Task goal:
From the listing below, copy only the lines running from the line that contains "Crested Gecko Close" to the line that contains "Exterior & Views", both included.

Input:
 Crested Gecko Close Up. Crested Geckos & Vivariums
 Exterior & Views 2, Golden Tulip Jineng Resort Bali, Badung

--

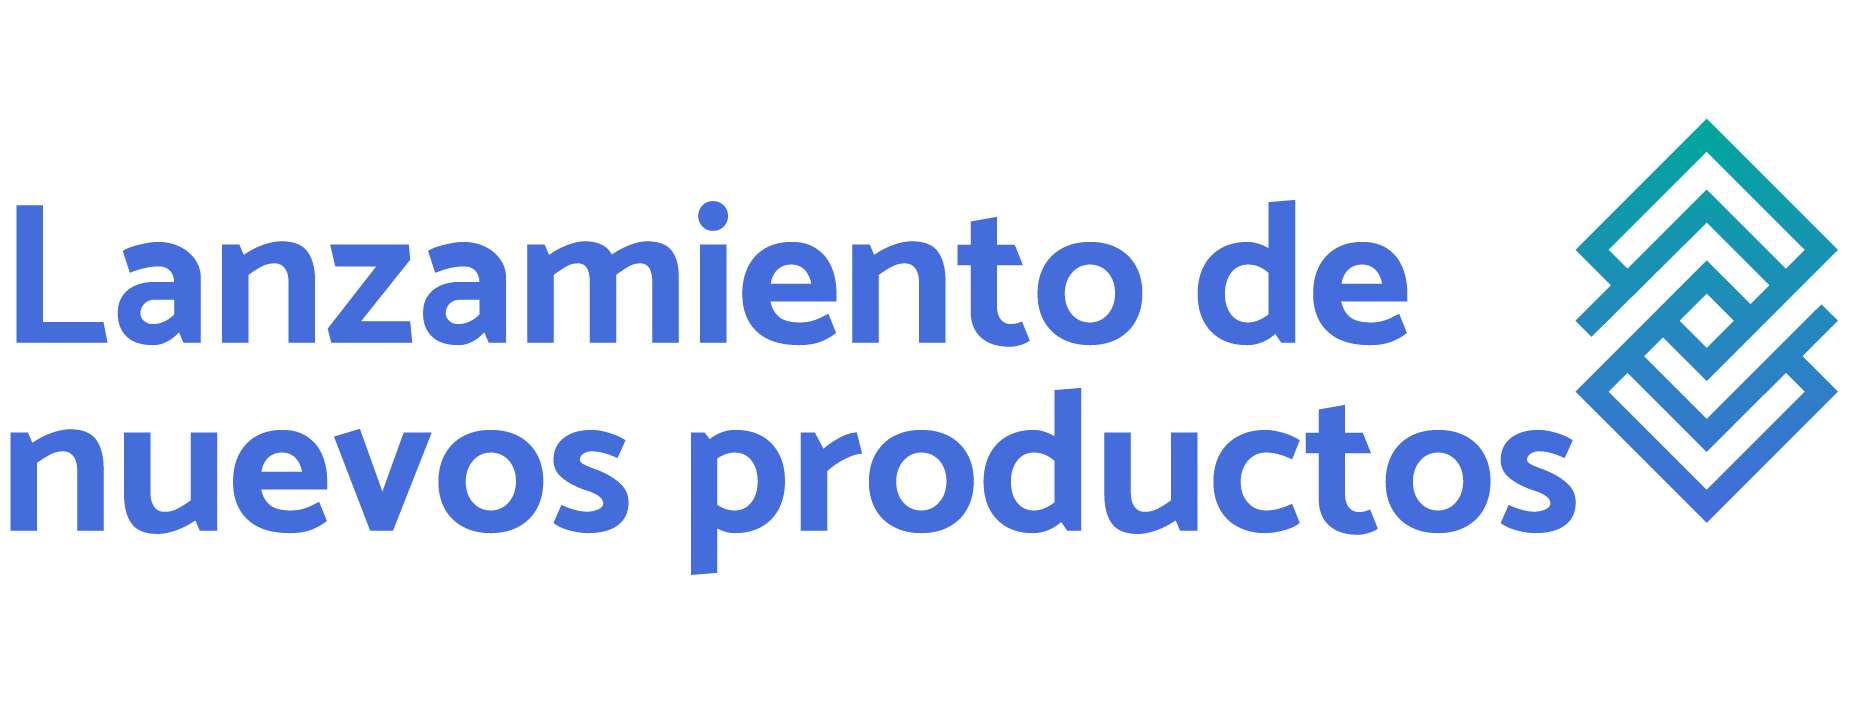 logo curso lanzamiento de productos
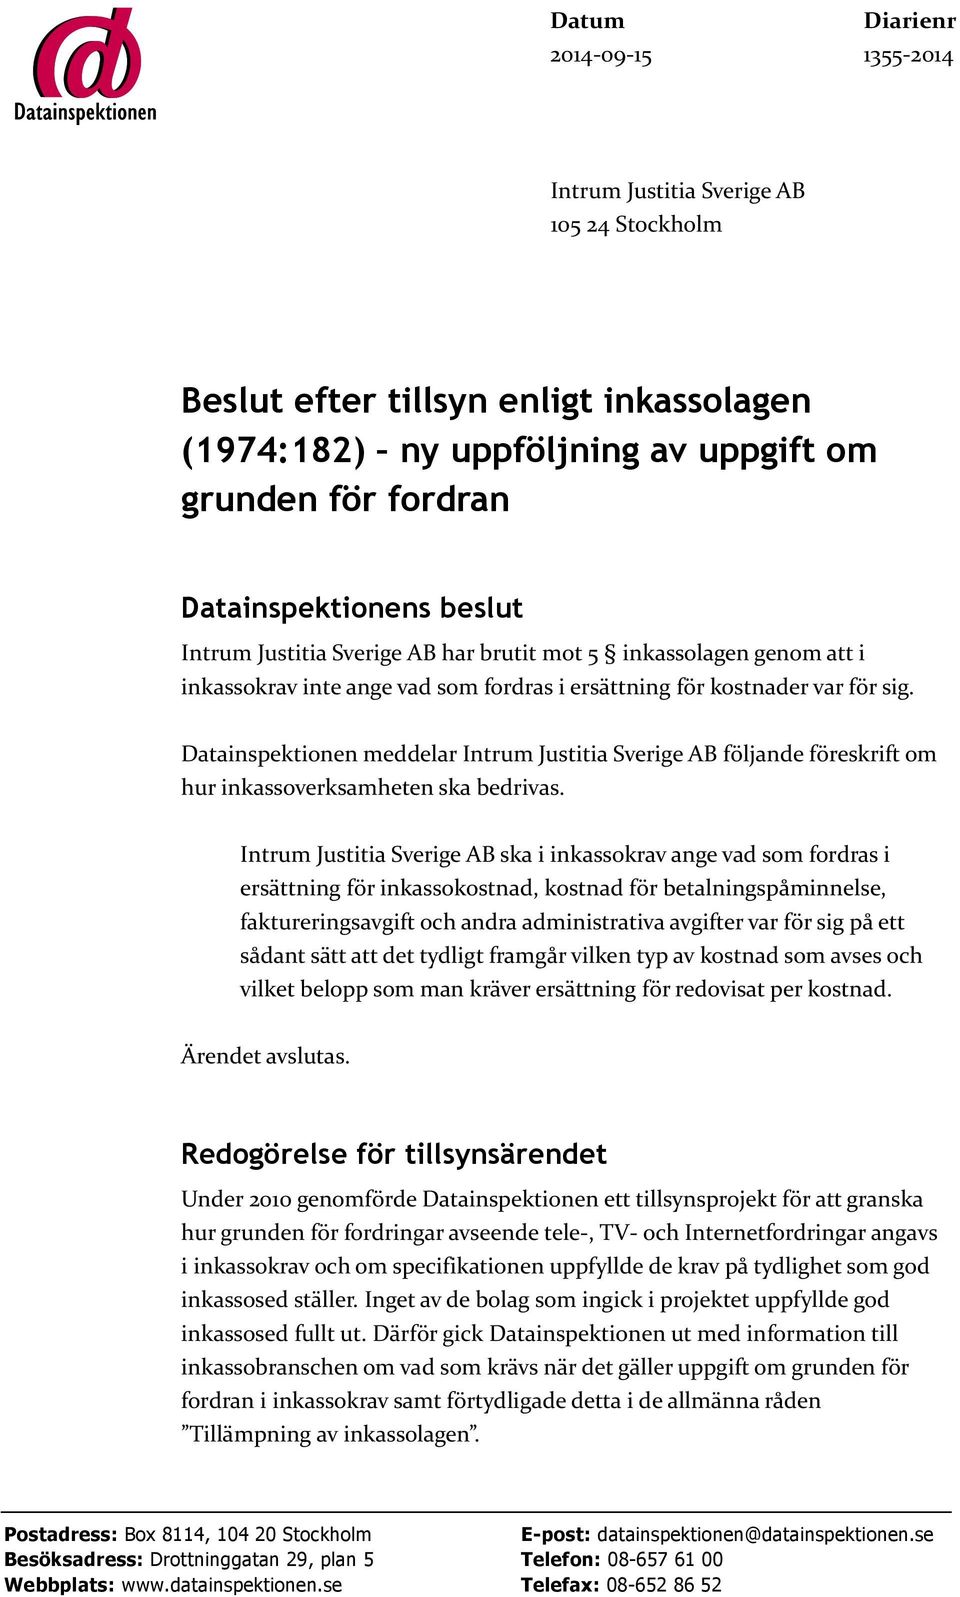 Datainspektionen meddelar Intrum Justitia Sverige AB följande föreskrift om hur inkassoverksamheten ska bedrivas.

---

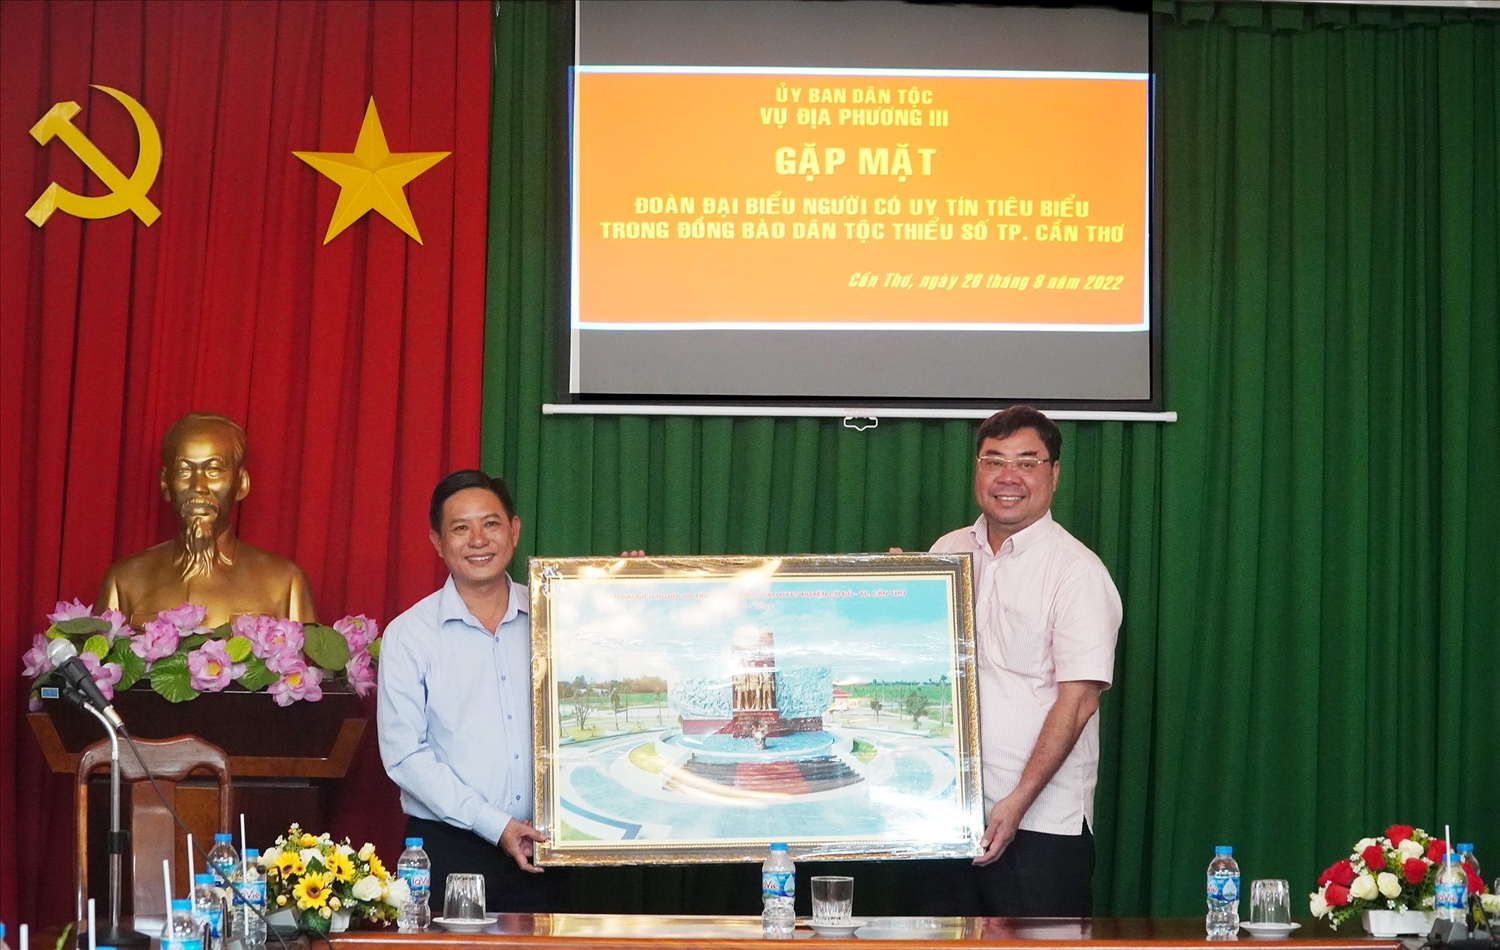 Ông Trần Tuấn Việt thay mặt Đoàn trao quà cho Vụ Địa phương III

Problem solution:
 Crested Gecko Close Up. Crested Geckos & Vivariums
 Exterior & Views 2, Golden Tulip Jineng Resort Bali, Badung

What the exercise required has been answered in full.